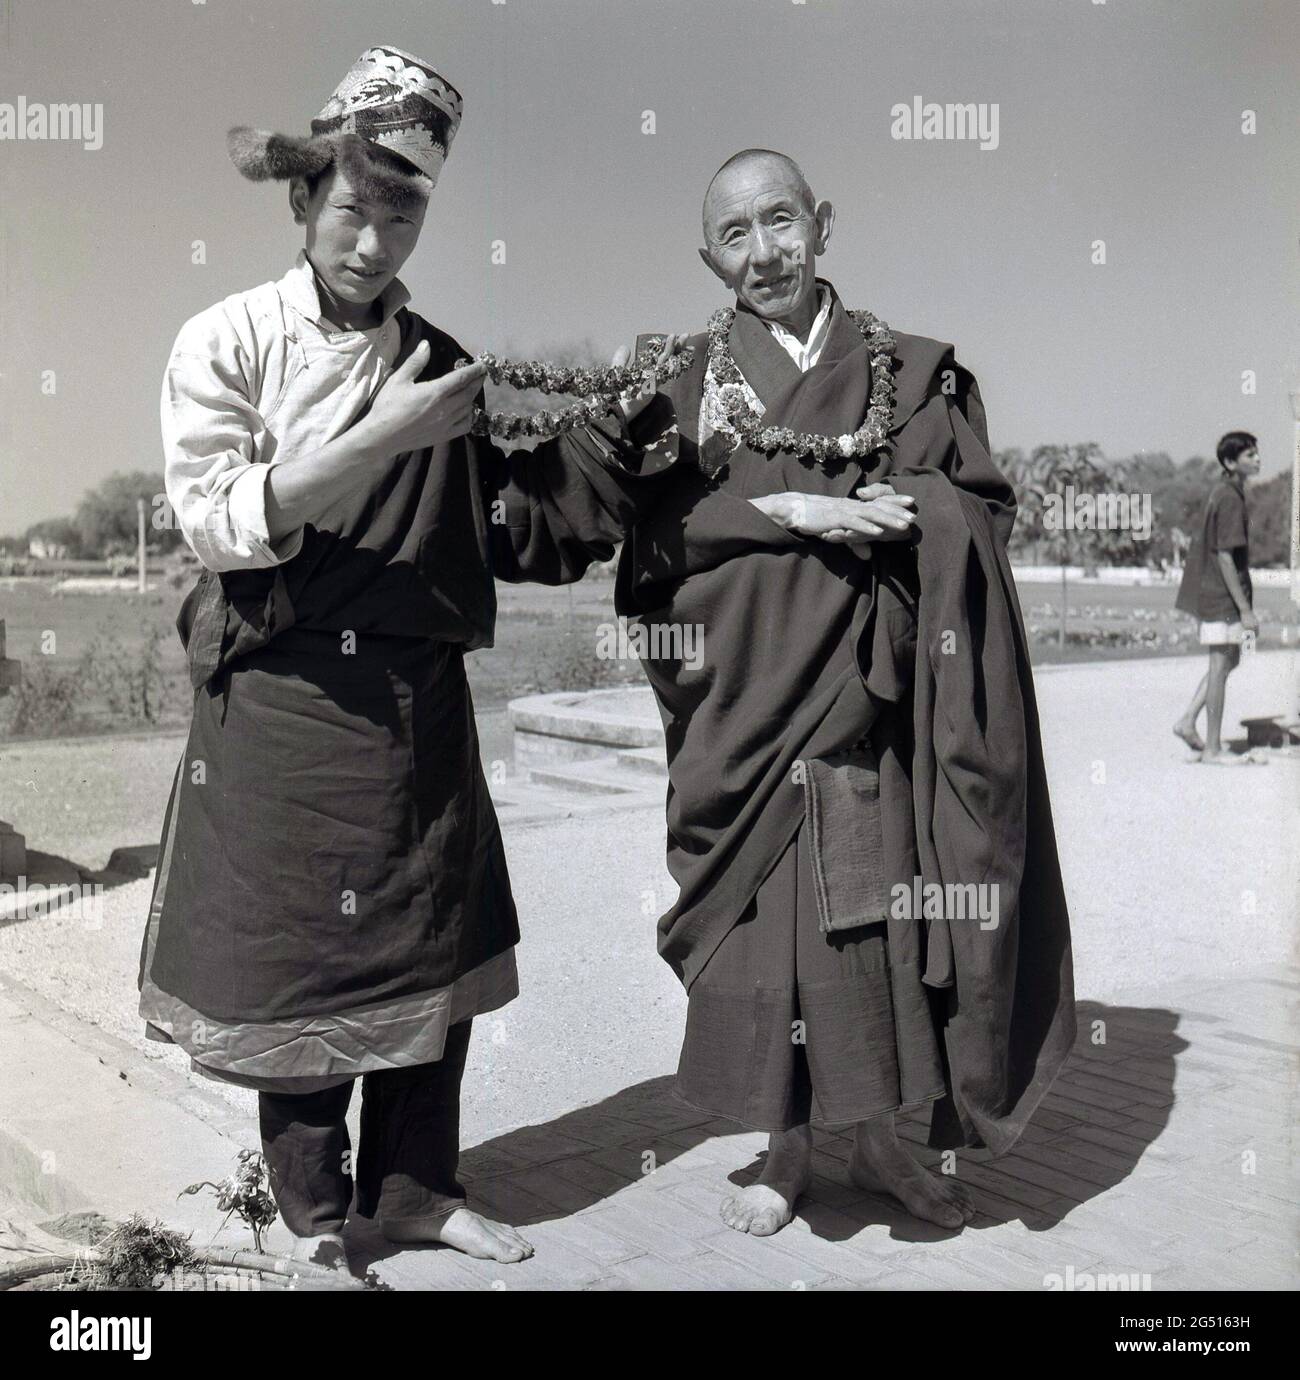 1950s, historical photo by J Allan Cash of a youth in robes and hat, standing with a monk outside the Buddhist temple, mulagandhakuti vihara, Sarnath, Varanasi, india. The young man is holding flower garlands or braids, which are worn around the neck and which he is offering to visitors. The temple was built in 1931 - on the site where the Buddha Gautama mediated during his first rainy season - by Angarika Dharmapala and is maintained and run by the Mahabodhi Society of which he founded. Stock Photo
==
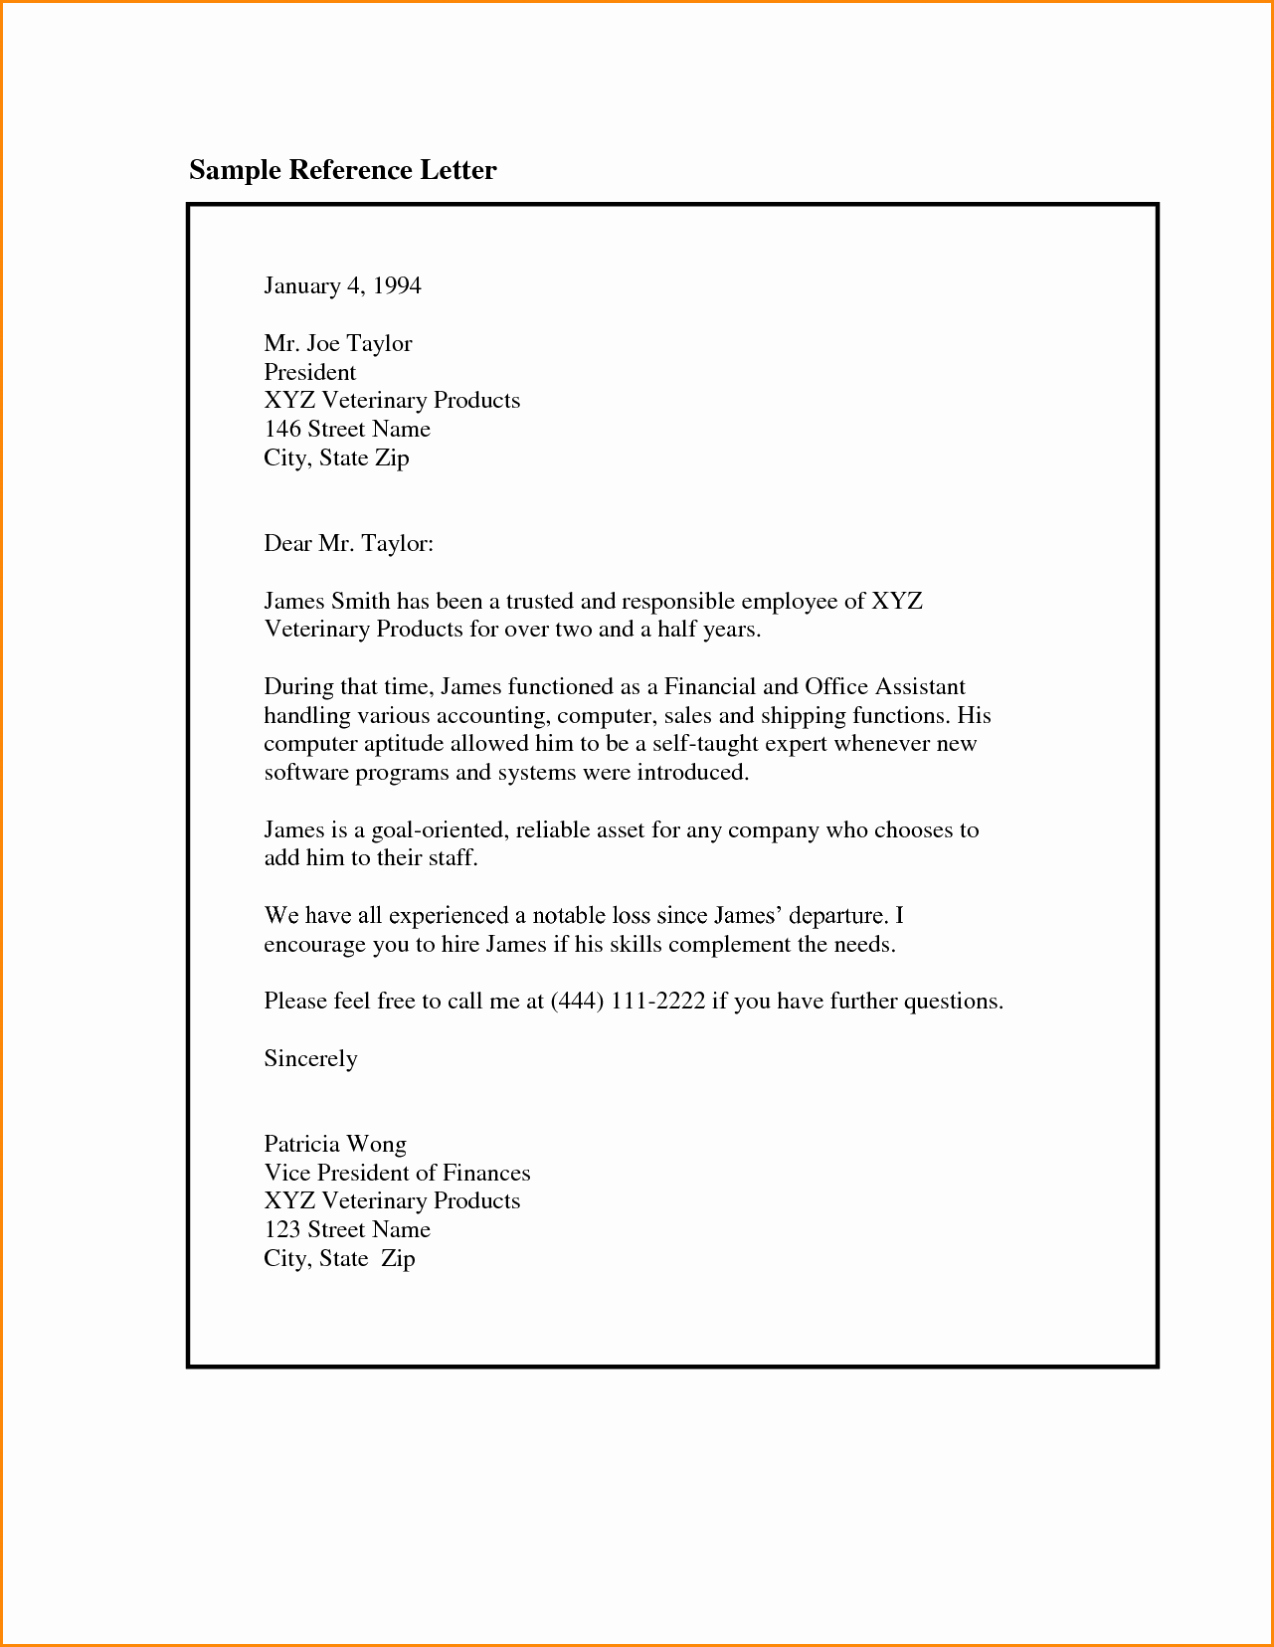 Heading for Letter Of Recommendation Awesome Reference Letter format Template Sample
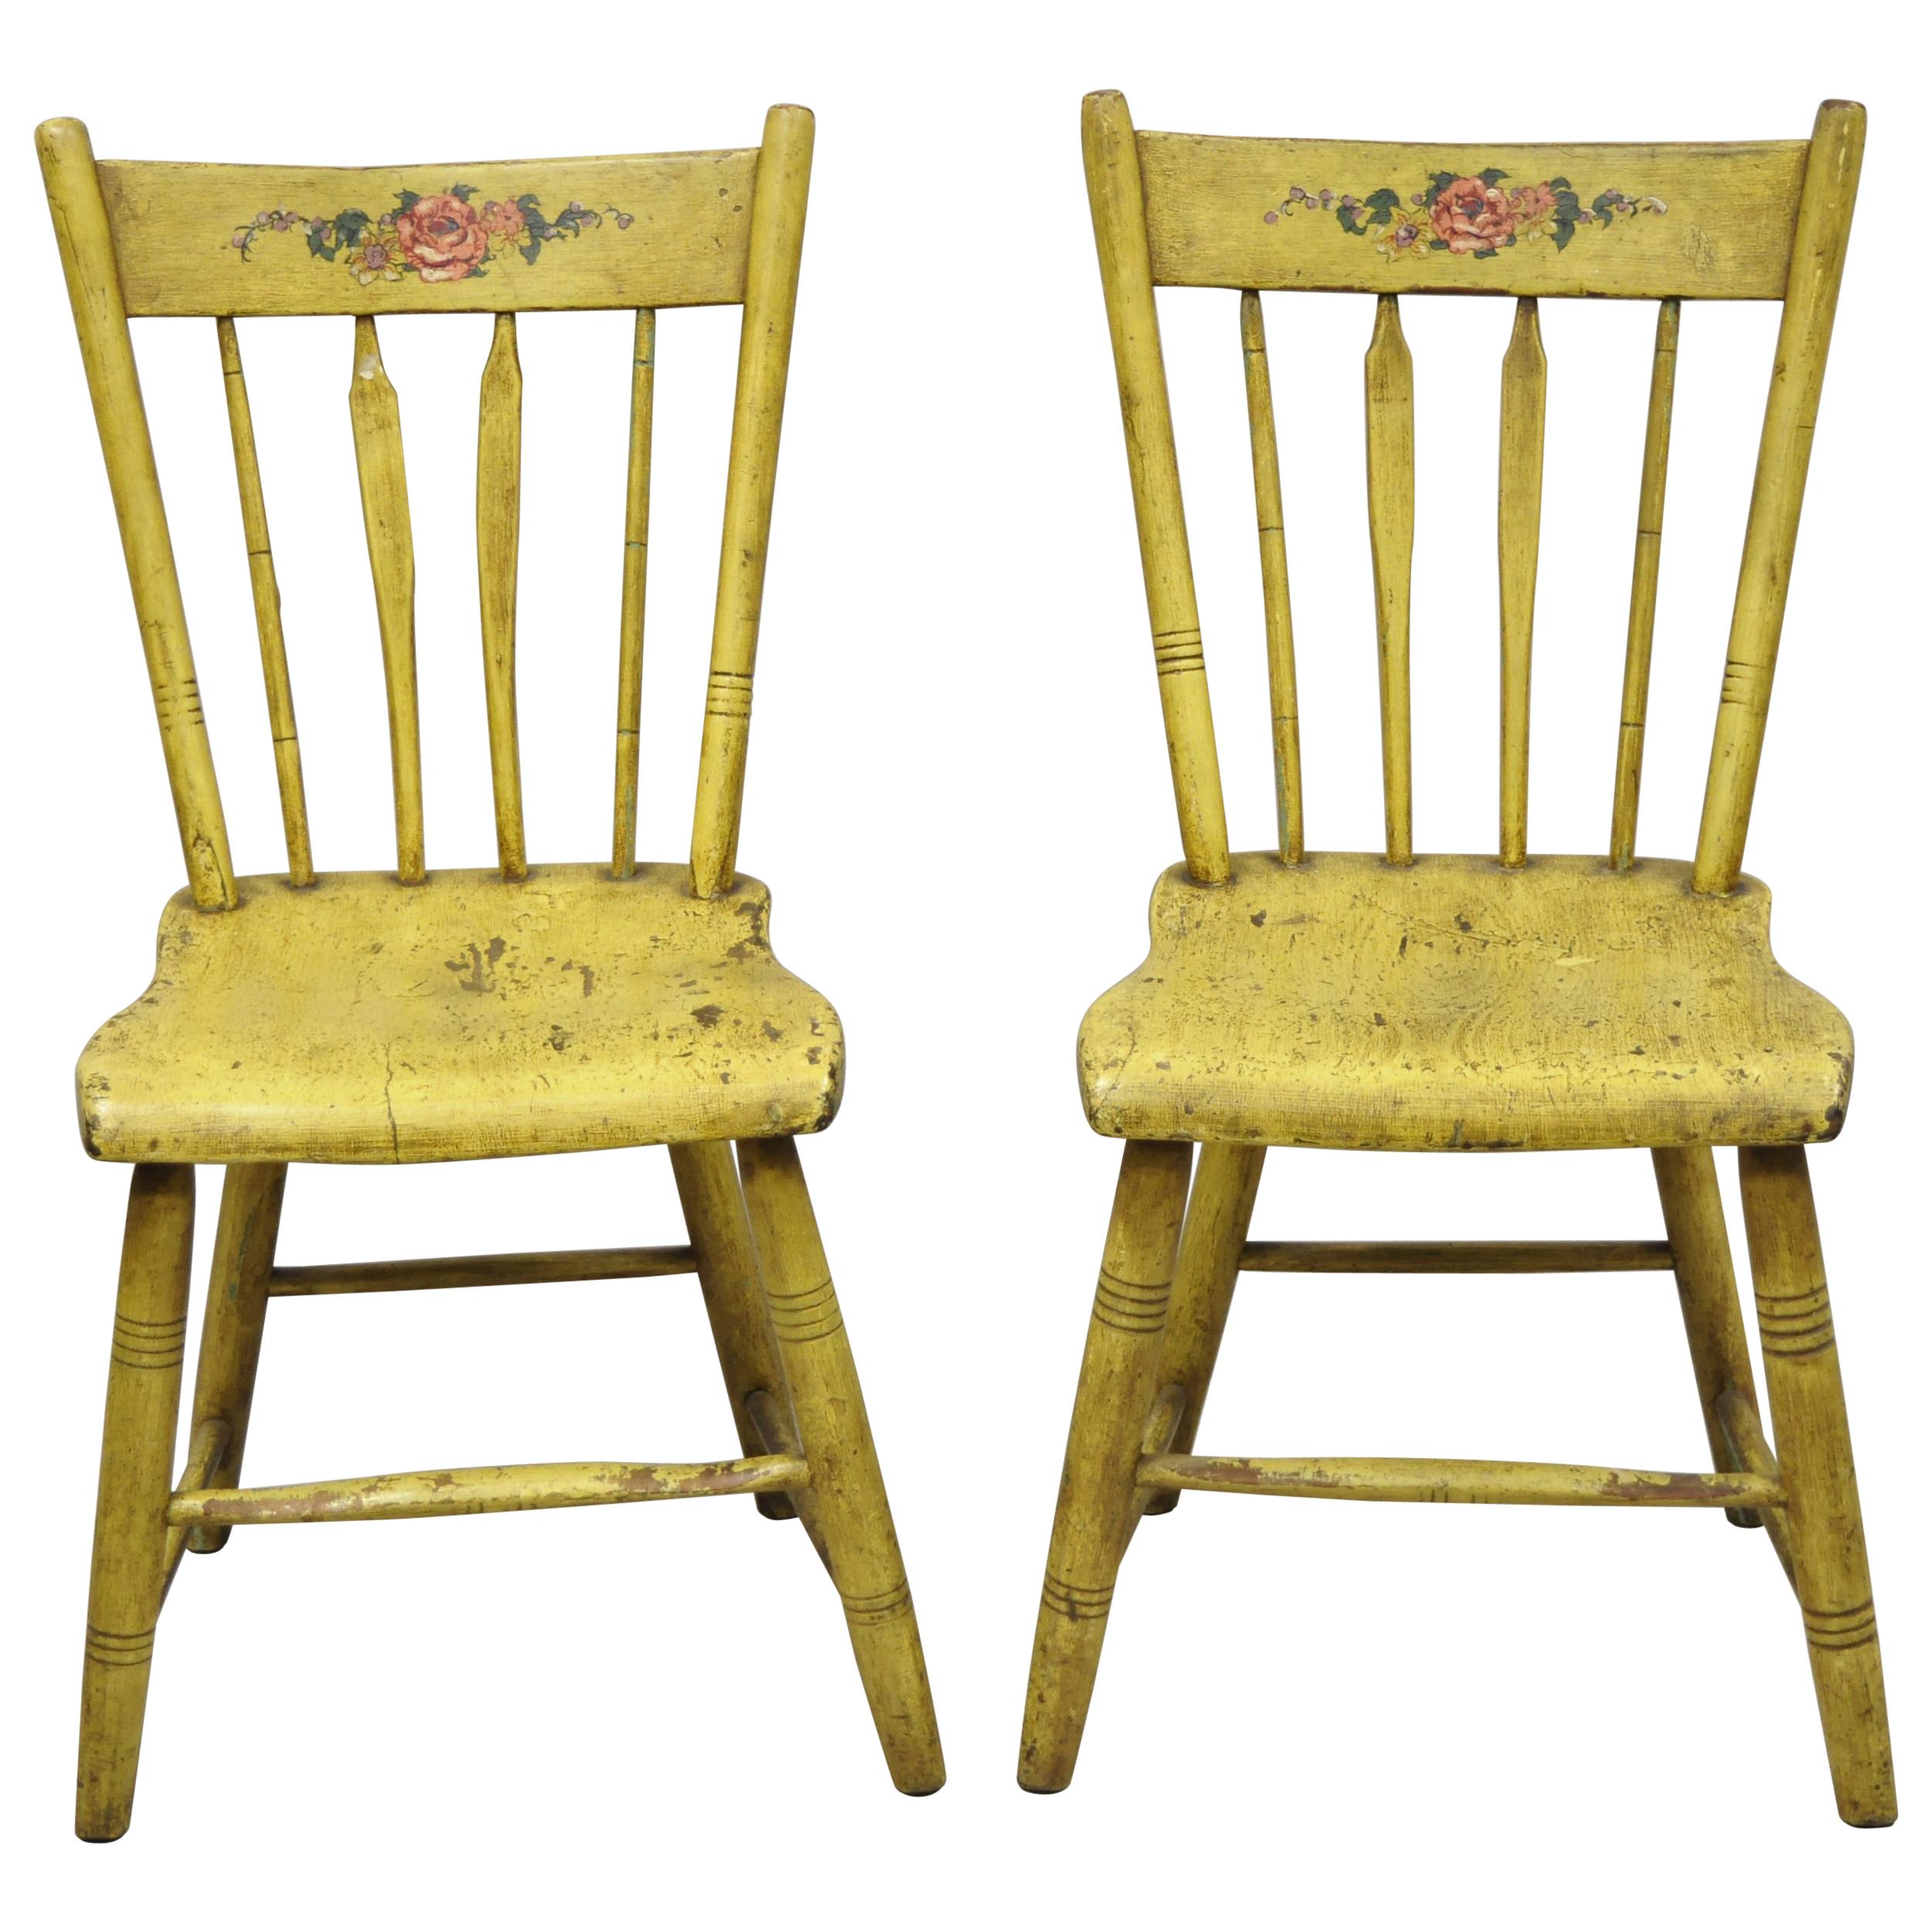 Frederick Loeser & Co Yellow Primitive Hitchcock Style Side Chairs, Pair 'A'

EXERCISE OBJECTIVE —
Copy word for word only the lines above from the one with "Heading for Letter" through the one with "Frederick Loeser &". Leave pictures out.

WRITTEN ANSWER —
 Heading for Letter Of Recommendation Awesome Reference Letter format Template Sample
 Frederick Loeser & Co Yellow Primitive Hitchcock Style Side Chairs, Pair 'A'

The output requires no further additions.